Wenn Kinder viele Aufgaben brauchen

Es vergeht kein Tag, an dem Karl nicht schon viele Minuten vor Schulbeginn am Schultor steht, um bloß der erste sein zu können, der die Schule betritt, wenn es zum Einlass klingelt. Solche Kinder gibt es an jeder Schule. Aber nicht an jeder Schule gibt es ein Kind in der zweiten Klasse, das jeden Morgen damit beginnt zu fragen „Frau Müller, weißt du was?“. Anfangs nahm ich mir noch Zeit und hörte interessiert zu, mit der Zeit wurde es immer schwieriger, Karl verständlich zu machen, dass nicht an jedem Morgen Gelegenheit ist, zuzuhören. Im Unterricht geht es weiter. Karl weiß jede Antwort, bevor ich die Frage stelle. Lehrkräfte und Mitschüler sind oft verärgert. Gespräche mit seiner Mutter ergeben, dass Karl zu Hause genauso präsent ist, und zwar in allen Bereichen. Karl kann es nicht aushalten, nur wenige Minuten nicht beachtet zu werden und keinen unmittelbaren Zuspruch für seine Leistungen zu bekommen. Karl verlangt in jeder Situation nach einer Einzelförderung. Mir wurde das erst in den letzten Wochen bewusst. Auf den ersten Blick arbeitet Karl zwar schnell, aber oft flüchtig. Es ist ihm wichtig, stets der Schnellste und Beste zu sein. Der Schnellste ist Karl meist, der, der die wenigsten Fehler hat, dagegen nicht.

Förderung mit den passenden Aufgaben

Seit einigen Tagen bekommt Karl von mir Extraaufgaben. Es begann damit, dass Karls Handschrift oft kaum zu lesen war. Die Bemerkung auf dem Zeugnis, Karl müsse sich bemühen, sorgfältiger zu schreiben, hat ihn derart motiviert, dass er ab sofort wie gedruckt schreibt.
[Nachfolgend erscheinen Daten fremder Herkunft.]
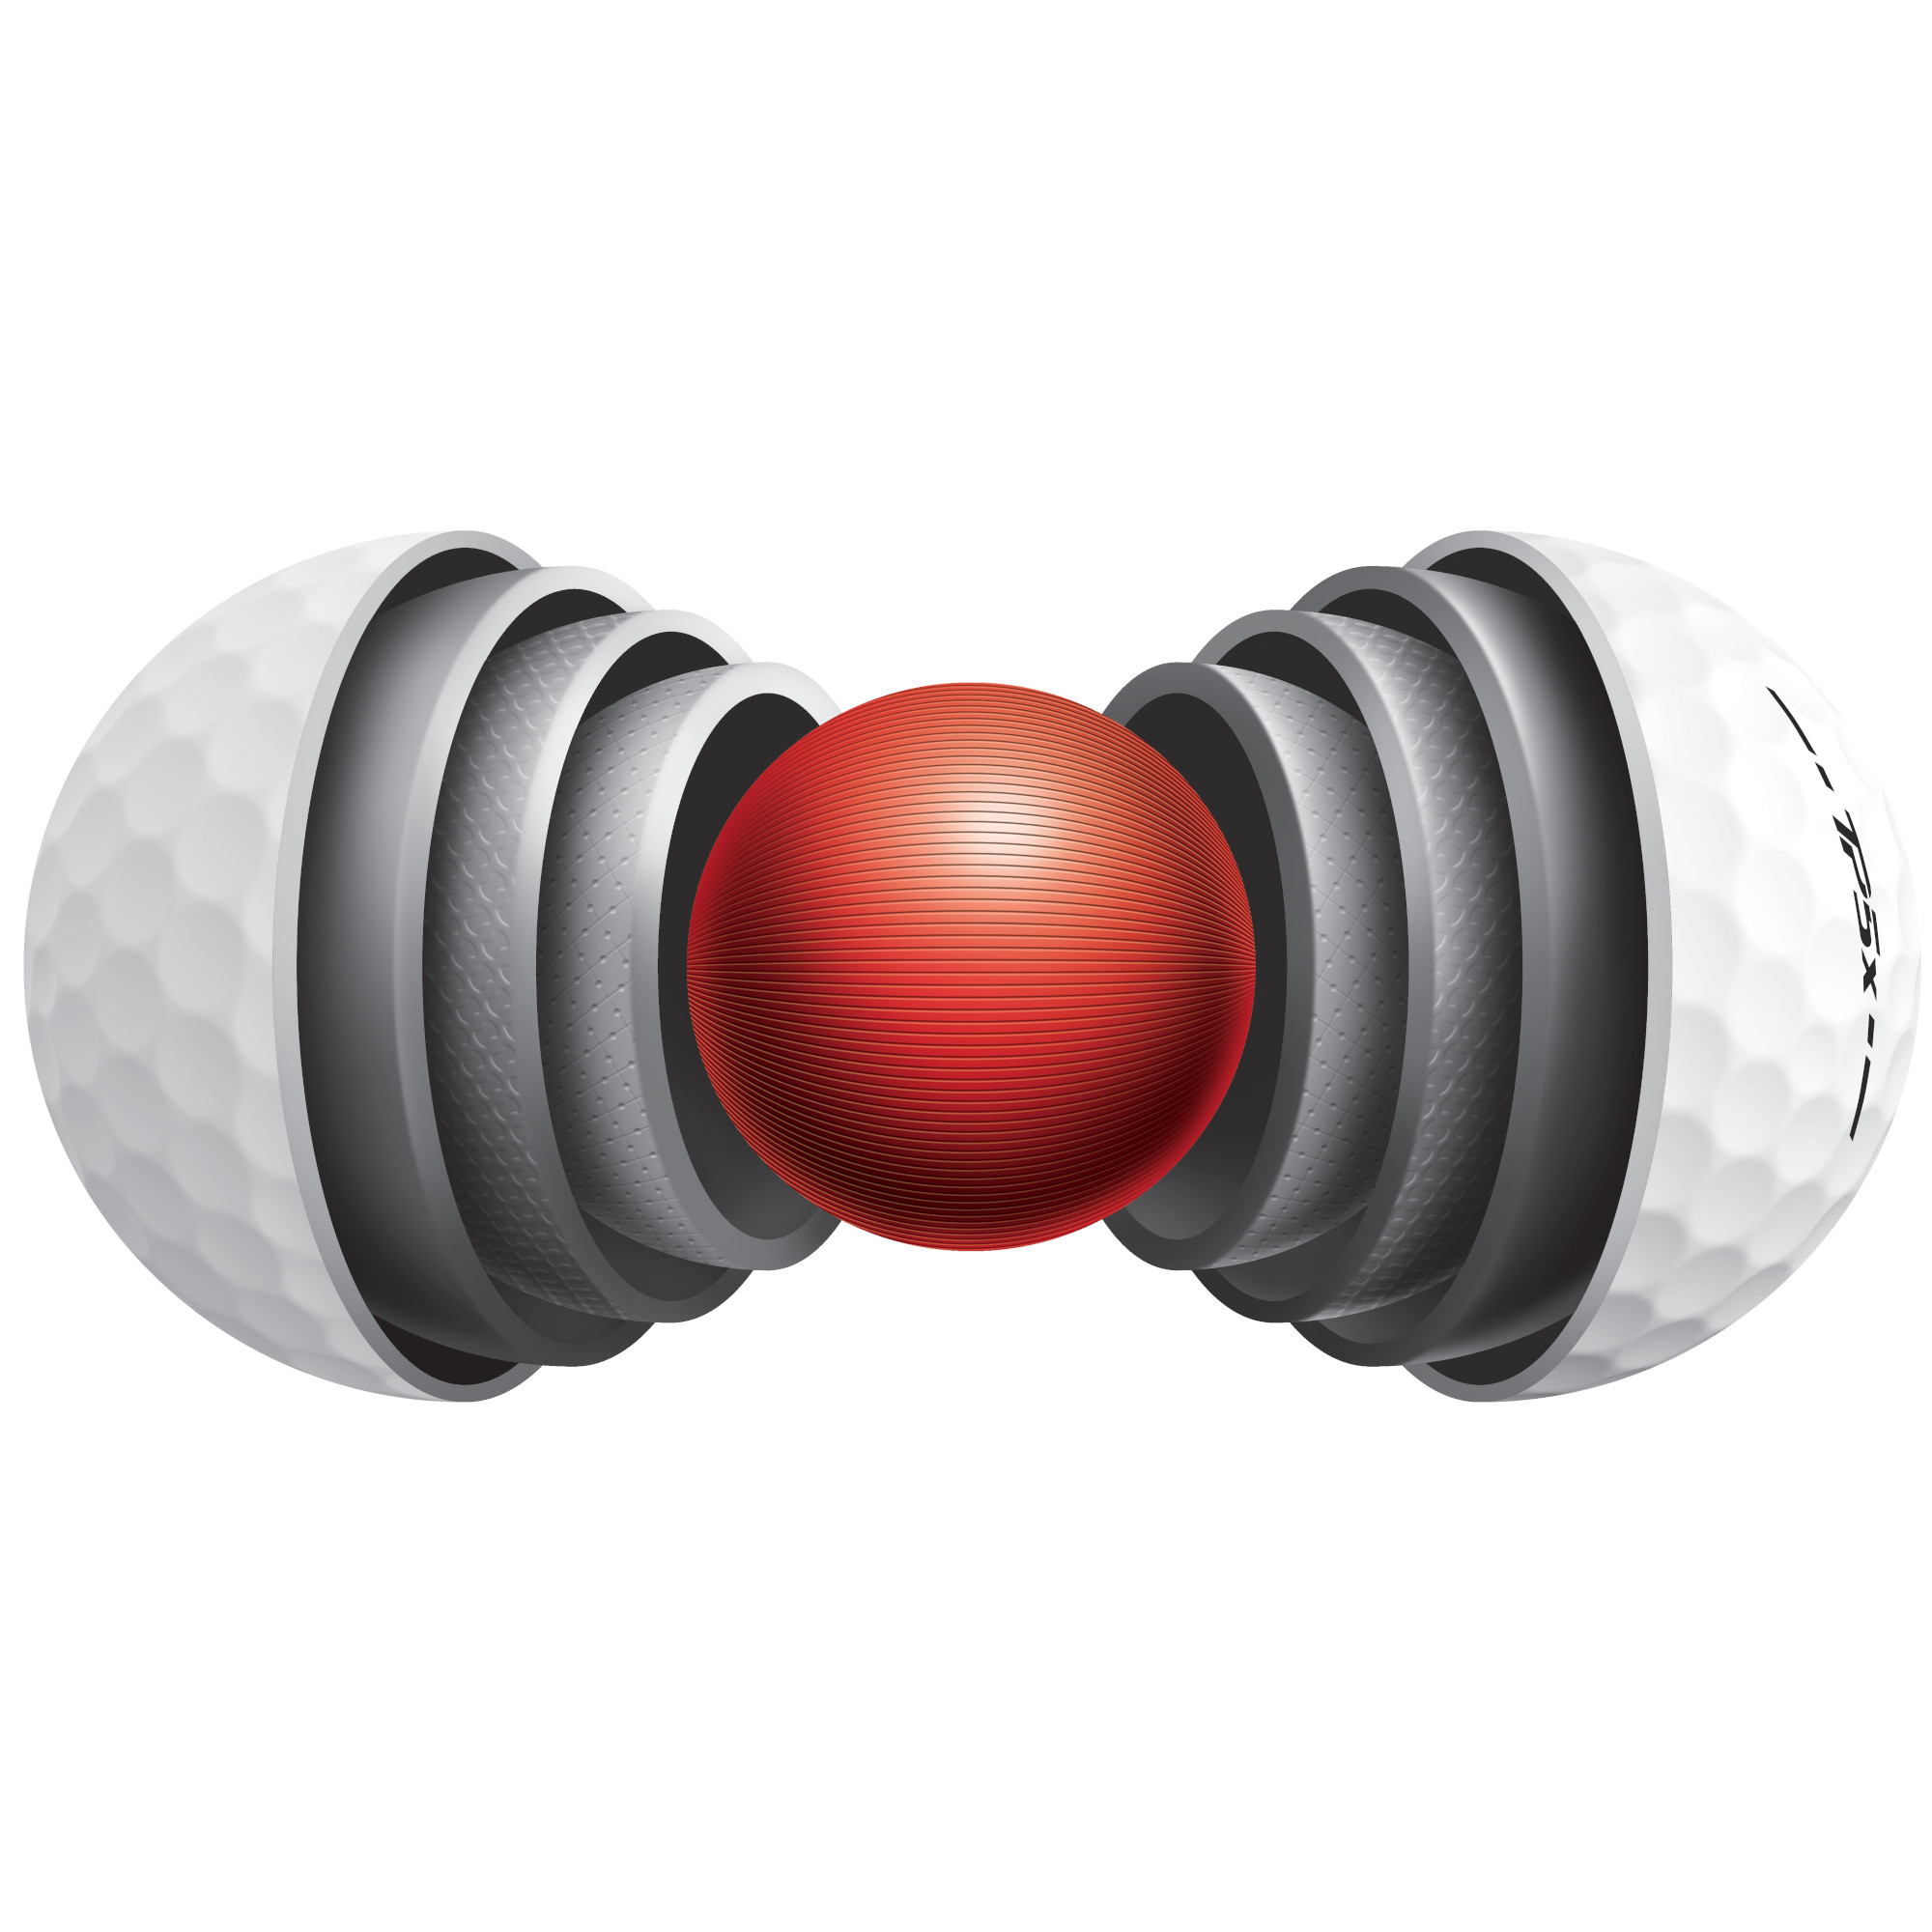 TaylorMade TP5x Golfbälle bedruckt, weiss (VPE à 12 Bälle)

Wenn er will. Sobald sich Karl sicher ist, ein Lob für seine Schrift zu bekommen, schreibt er sehr sauber. Er bittet mich, ihm Fehler zu zeigen, sie aber nicht zu korrigieren, so dass er sie selbst ausbessern kann. Mit Schönschrift und korrigierten Fehlern ist die Förderung aber nicht getan. Da Karl stets alle Extraaufgaben im schnellen Tempo bearbeitet, seinen Mitschülern nicht immer eine Hilfe ist, weil er es nur schlecht aushalten kann, wenn andere die Antwort nicht sofort wissen, braucht er andere Aufgaben. Alle Lehrwerke sind inzwischen auf Differenzierung angelegt, so dass Karl stets die Aufgaben mit erhöhtem Schwierigkeitsgrad bearbeiten kann, aber das reicht nicht immer. Um Karls Sonderposition, die ihn bei Mitschülern nicht immer beliebt macht, nicht noch zu unterstreichen, versuche ich oft spontan, seine Ideen aufzugreifen und sofort umzusetzen, so dass sie für die anderen Kinder interessant sind. Zum Thema „Meeressäugetiere“ brachte Karl kürzlich eine Informationsbroschüre mit und fragte mich, ob wir das Thema im Sachunterricht bearbeiten können. Warum nicht? Karl wusste schon Vieles dazu zu berichten, er konnte sein Wissen einbringen und die Mitschüler ließen sich auch in ihren Bann ziehen. Ich beginne inzwischen jede Unterrichtsvorbereitung damit, mir zu überlegen, wie ich die individuelle Förderung Karls als auch die Förderung im Klassenverband gestalten kann.